Let’s say you want to understand how the coronavirus might spread between people in a community. How would you figure that out? If you’re a computer scientist, you might use the mathematical notion of a network—or more properly, a graph.
A graph is a structure of nodes and connections between nodes, called edges, showing relationships between objects. It can be used as a way of mathematically representing the complicated, interconnected world we live in. At USC’s Department of Computer Science, new PhD graduate Alana Shine has spent her time as a master’s and doctoral student researching graphs, advised by Professor David Kempe, as part of the USC CS Theory and Algorithms Group.
Predicting disease spread
Graphs can be used to model many things, but they are very helpful in modeling social networks. As such, graph theory can help predict when and where disease might spread to optimize quarantine regions and reduce infections.
“I design ways to generate graphs that model human interactions, so that people can run simulations to see how, for instance, information or disease spreads,” said Shine.
“When people want to test immunization of certain people on the graph to see if it works, they need a lot of data to test it out on and those are the models I make.”
Specifically, Shine designs “generative graph models” for real-world graphs, which allow simulations to run on large numbers of graphs with real-world properties.
Generative graph models take a real-world graph example and use it to generate new graphs, which can be used to populate a graph dataset. This is important, because running simulations on just one real-world social graph can fail to provide enough information to generate realistic results.
Modeling human interactions
Shine analyzes “global connectivity measures,” because processes like disease spread, information flow or rumor spread depend on global structure. In other words, for these simulations to give insights into real-world events, generated graphs must capture the global connectivity properties of real-world graphs.
When designing a generative graph model, she takes a real-world graph example— such as a city’s social graph—extracts some measure of its global connectivity, and then generates a large number of graphs that share this real-world global connectivity structure.
“There are many projections about the pandemic’s reach and numbers depending on different types of behaviors, but modeling that behavior accurately is dependent on the underlying graph,” said Shine.
“You need to know not only how many people are interacting, but who those people are interacting with and where. All of that is important in whatever simulation you’re running.”
There are known problems with traditional graphs that Shine wanted to address in her research.

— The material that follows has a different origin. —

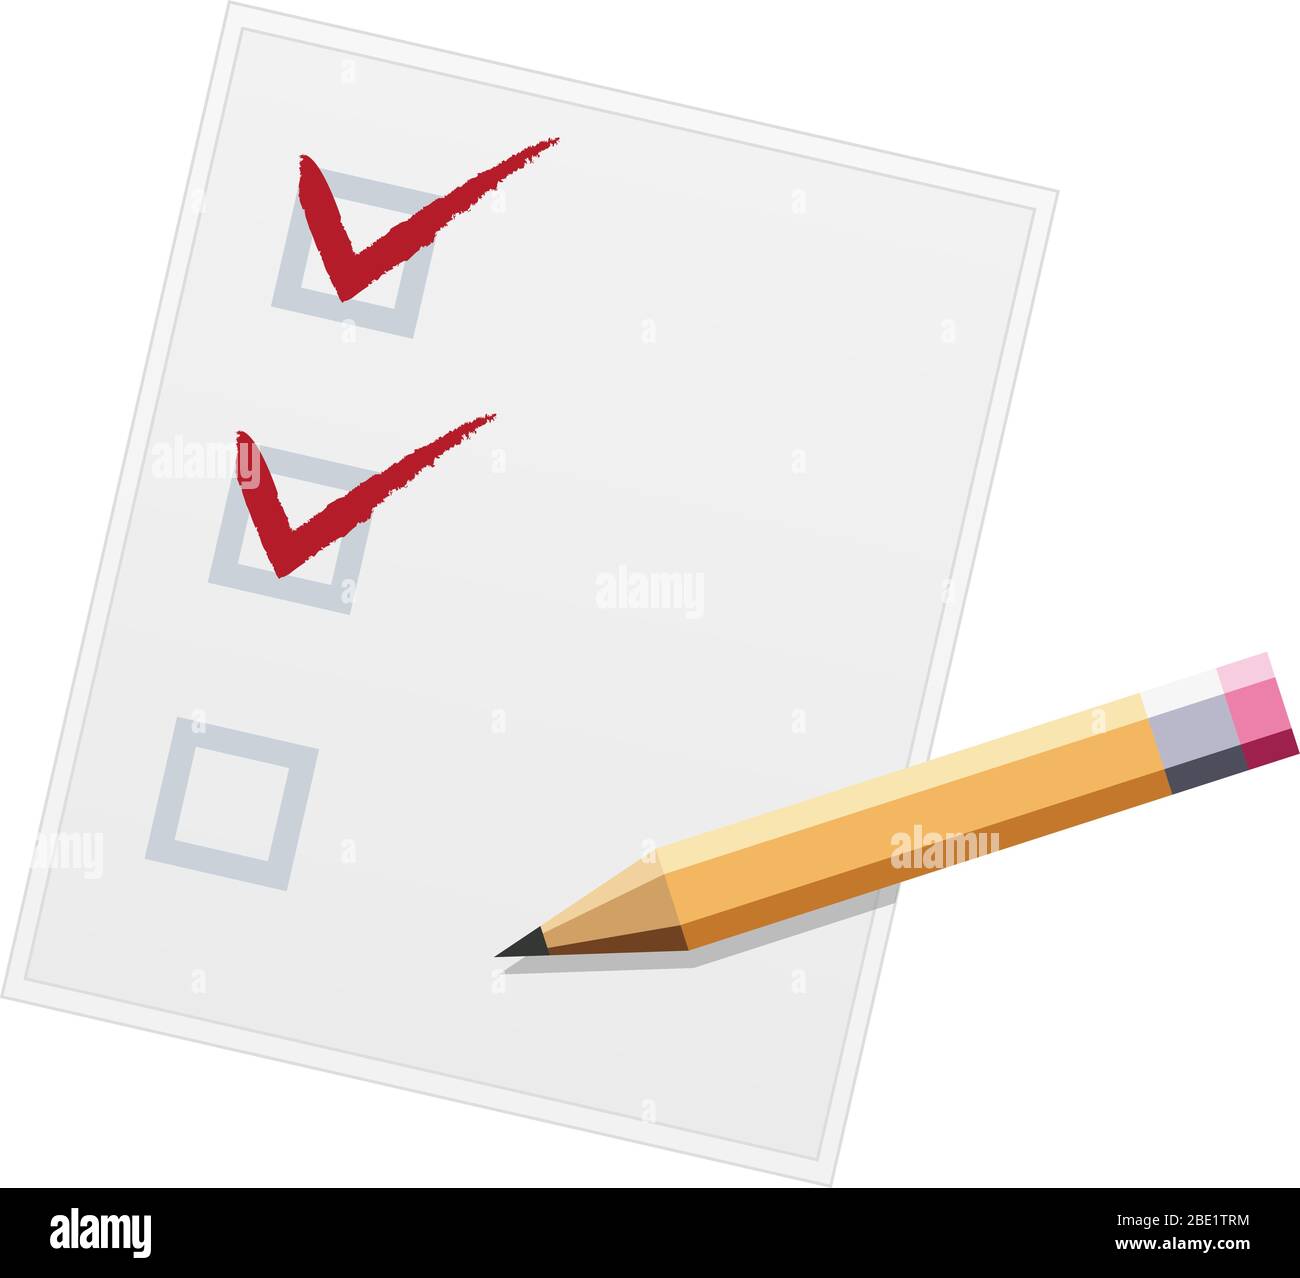 Checkliste mit Bleistift flaches Design Illustration. Zwei von drei. Vektor Stock Vektor

First, most graphs are a highly-connected type called expanders.
Diseases spread quickly on expander models, because they’re highly connected, which can lead to inaccurate modeling outcomes, resulting from the assumption that all real-world graphs are expanders.

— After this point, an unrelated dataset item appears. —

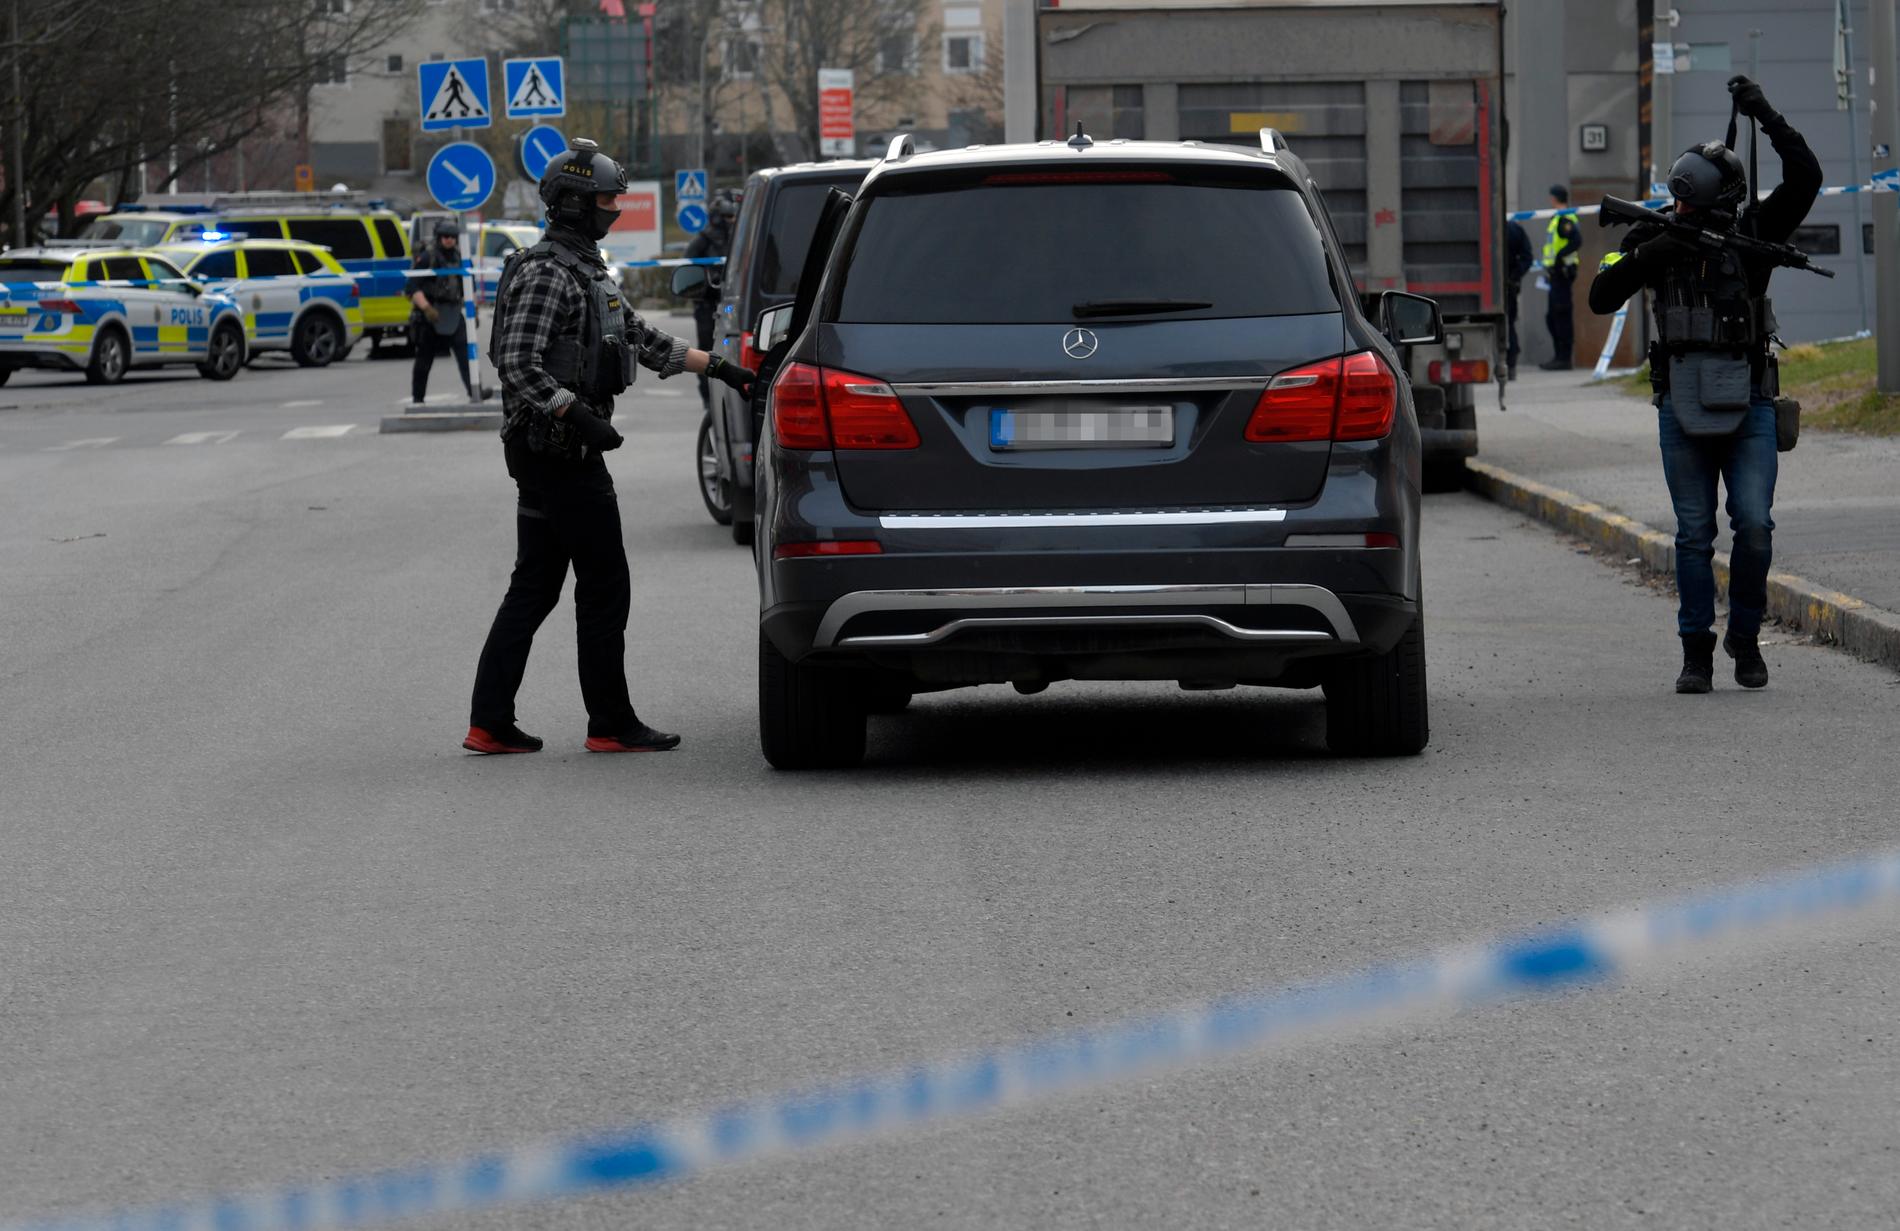 En stor polisinsats pågår just nu efter en skottlossning i Vällingby i västra Stockholm.

“A large class of generative graph models match local properties, like number of friends, and randomize everything else which, with high-likelihood, produces an expander,” said Shine.
To address this, Shine “zooms out” and looks at connectivity patterns on a much larger, global scale, which requires more complicated math to describe.
“These graphs, which are subject to more complicated connectivity patterns, is a relatively new area of research,” said Shine. “What we’re doing with global connectivity is much harder to describe in a compact way.”
Her goal is to capture the most important parts of global structure and randomize everything else, so the simulations are realistic. One example of connectivity where Shine and Kempe’s models outperformed previous models that focused on more local features: matching the degrees of separation between people.
“My generative graph models improve upon matching longer degrees of separation than short,” said Shine. “To match short degrees of separation, the expander graphs work well because the graph is highly connected.”
Shine, who grew up in Claremont, CA and attended Pomona College for her undergraduate degree, has secured a job at Facebook in New York City this fall, where she also completed two internships during her time at USC. She hopes her work will help other research groups, who might not have access to massive amounts of real data, to simulate possible outcomes to real-world events with more accuracy.